## Stored data

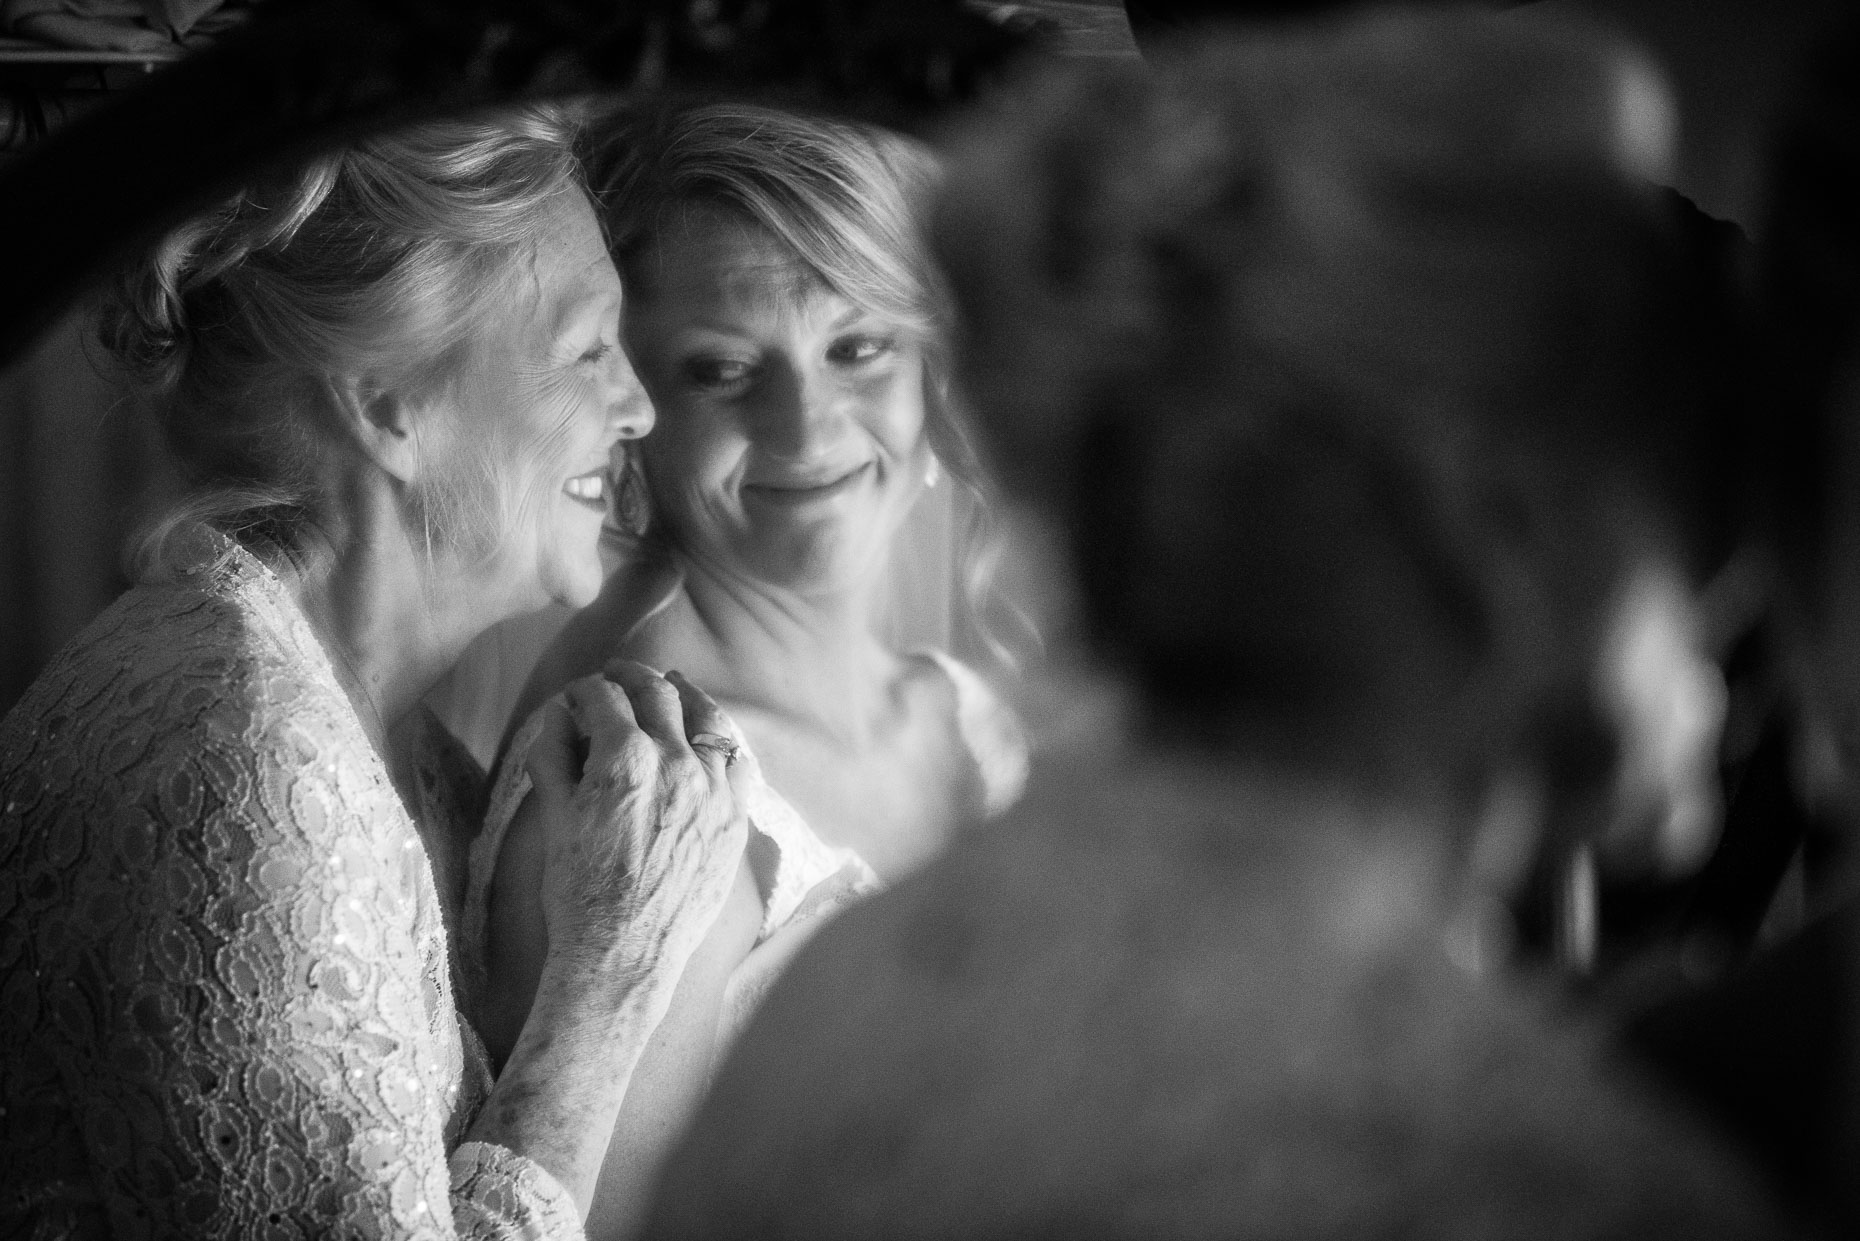 Weddings by Elliott O'Donovan - Washington DC_-6.jpg
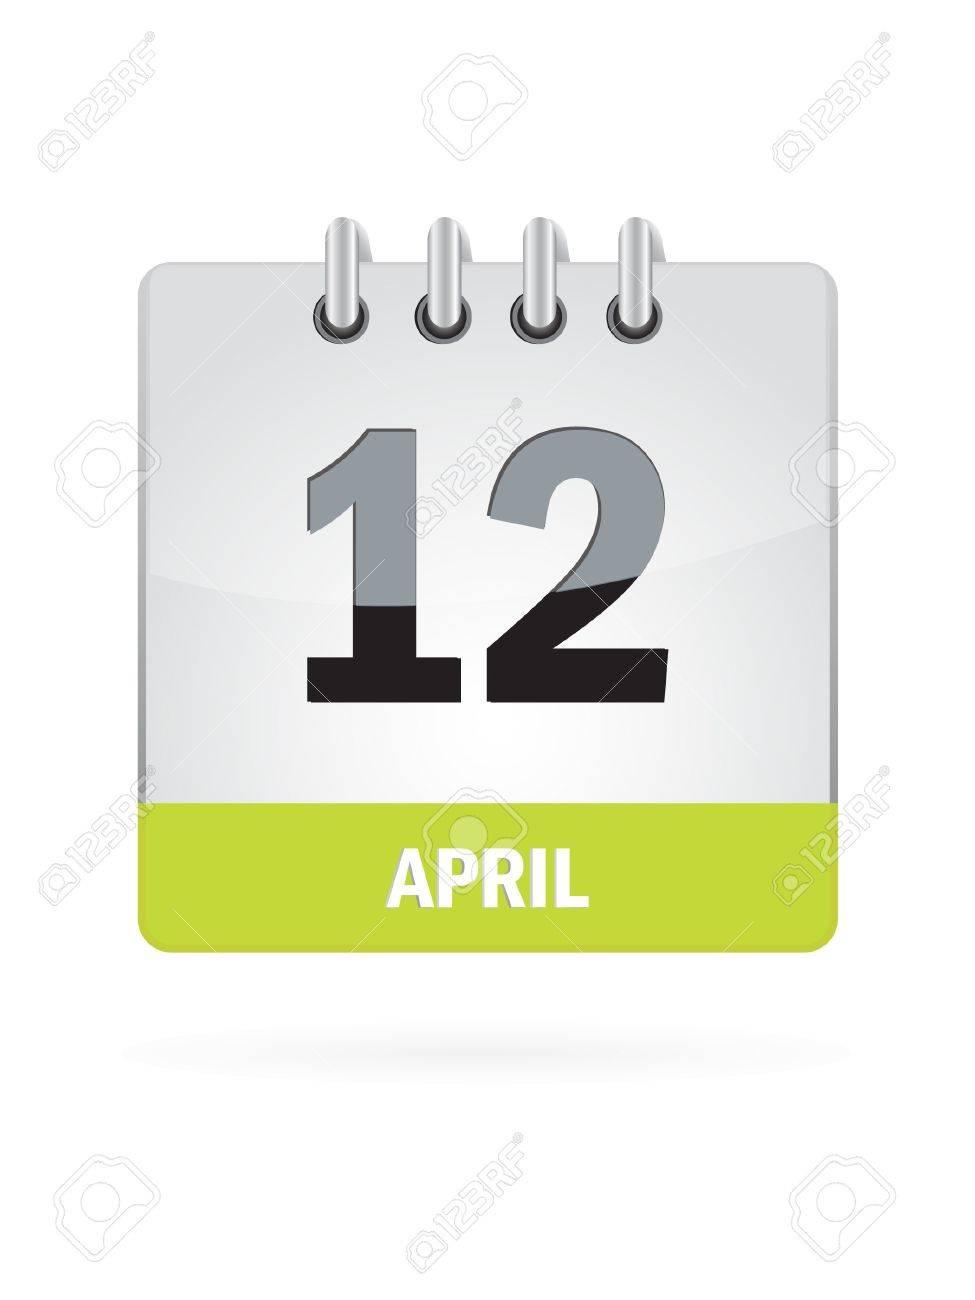 12 April Calendar Icon On White Background Stock Vector - 17882815
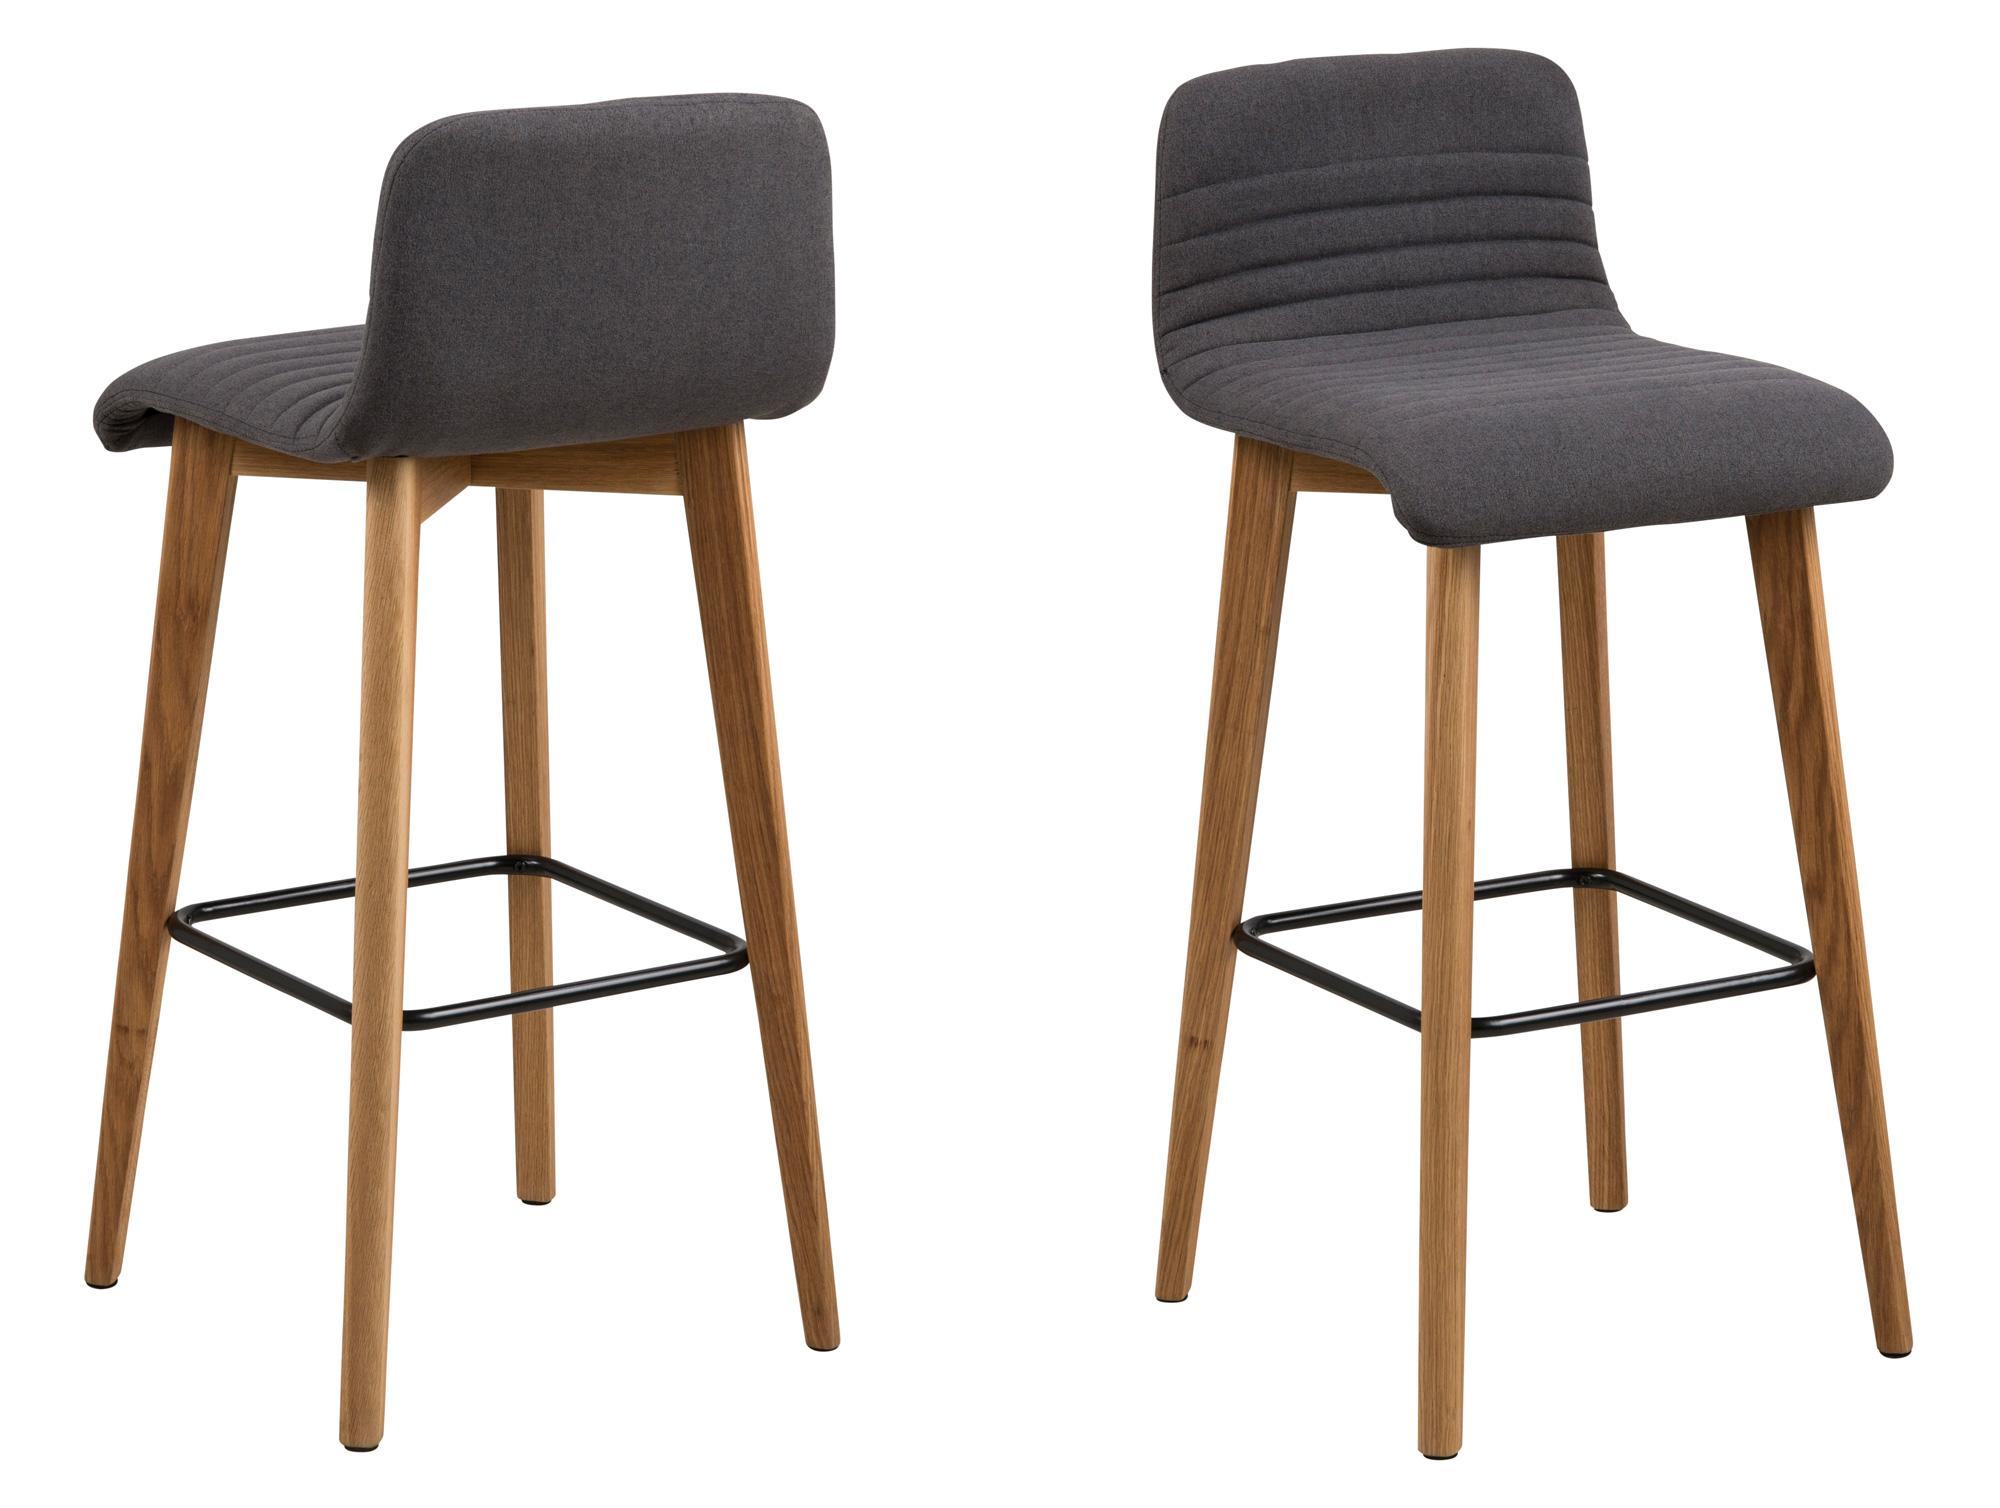 adelia barhocker eiche stoff granada anthrazit 08. Black Bedroom Furniture Sets. Home Design Ideas

## How to complete this task
Restate the full listing verbatim and drop every picture.

## Task output
 Weddings by Elliott O'Donovan - Washington DC_-6.jpg
 12 April Calendar Icon On White Background Stock Vector - 17882815
 adelia barhocker eiche stoff granada anthrazit 08. Black Bedroom Furniture Sets. Home Design Ideas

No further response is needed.